Lately it seems like I'm always getting told, "Wow, you look so young!" People ask me my age, and when I say, "19," they comment something along the lines of, "Oh, I would have guessed, like, 15... but you'll be thankful for that someday."
People aways tell me I'll be thankful for these comments today. Sure, maybe when I'm 40 and still look 35, I'll feel good about myself, but there's a huge difference between that and looking 15 when you want to look 20. Those people who tell me I'll be thankful in the future don't realize how hurtful they can be in the present. I can think of a couple different reasons why I do look so young to other people.
One or more of my conditions probably stunted my growth, so I'm stuck at 5'2 1/4".
Every muscle in my body is swollen and inflamed, including the ones in my face. So that "cute baby angel face" is actually a lot of pain and muscle knots. So, yeah, it's a little bigger and rounder than it "should be." Honestly, all of me is.
I also barely have the energy to make myself look presentable, let alone perfectly put together. So, yeah, most days you won't see me wearing any makeup besides maybe some cc cream or powder. Most days my naturally curly hair is pulled back or down in some not-so-perfect style. Most often I dress for comfort and temperature regulation, not fashion. I wear compression socks instead of heels, extra layers instead of little black dresses. It's just how I have to function.
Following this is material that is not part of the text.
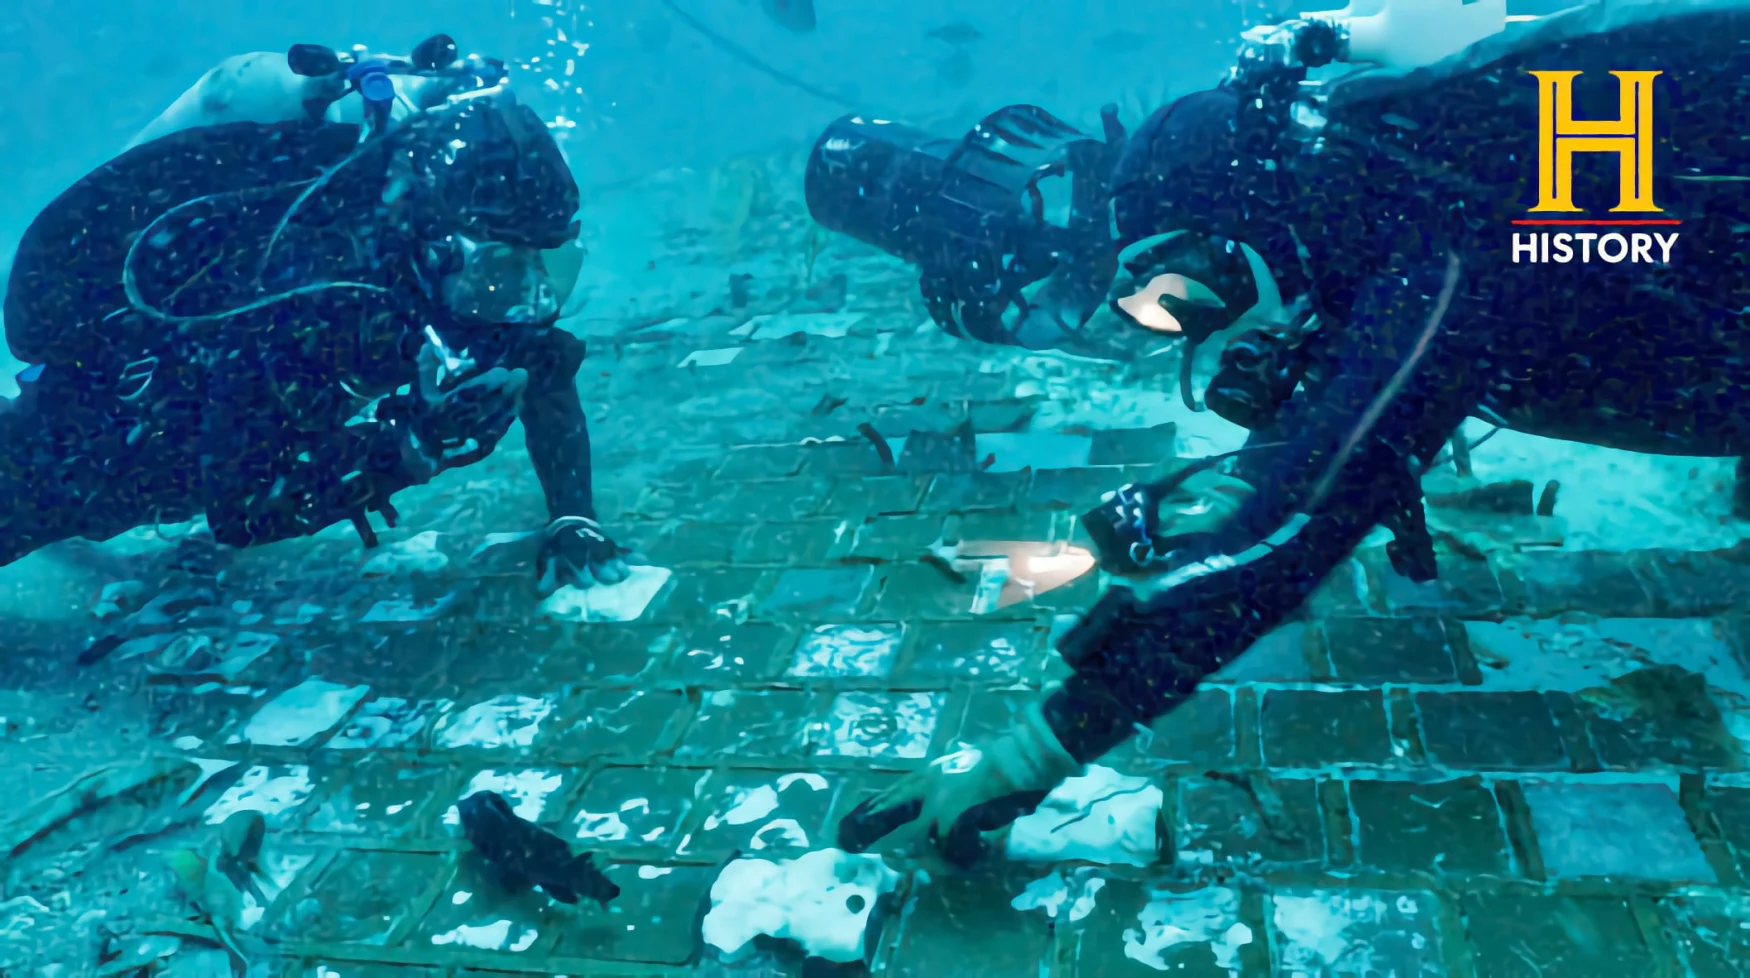 Divers newly discovered wreckage of the space shuttle Challenger.

I know no one means harm by telling me I look young. I think what hurts is realizing that what they're saying is true, but there's not a lot I can do about it. And I think what hurts the most is knowing how much I want to be twenty and how much my illness is keeping that from me. I couldn't handle going away to college. I can't drive, because I have seizures. I can't work, because I'm too sick. I can't even eat whatever the heck I want, and some days, I can't even eat at all. Even if my maturity is higher than a twenty-something (or so I'm told it is), my body is stuck in this young and somewhat helpless state. There's not much I can do about it, and I cannot tell you how hard that is. So, maybe please stop telling me to be appreciative of comments that remind me of this painful reality I'm stuck in.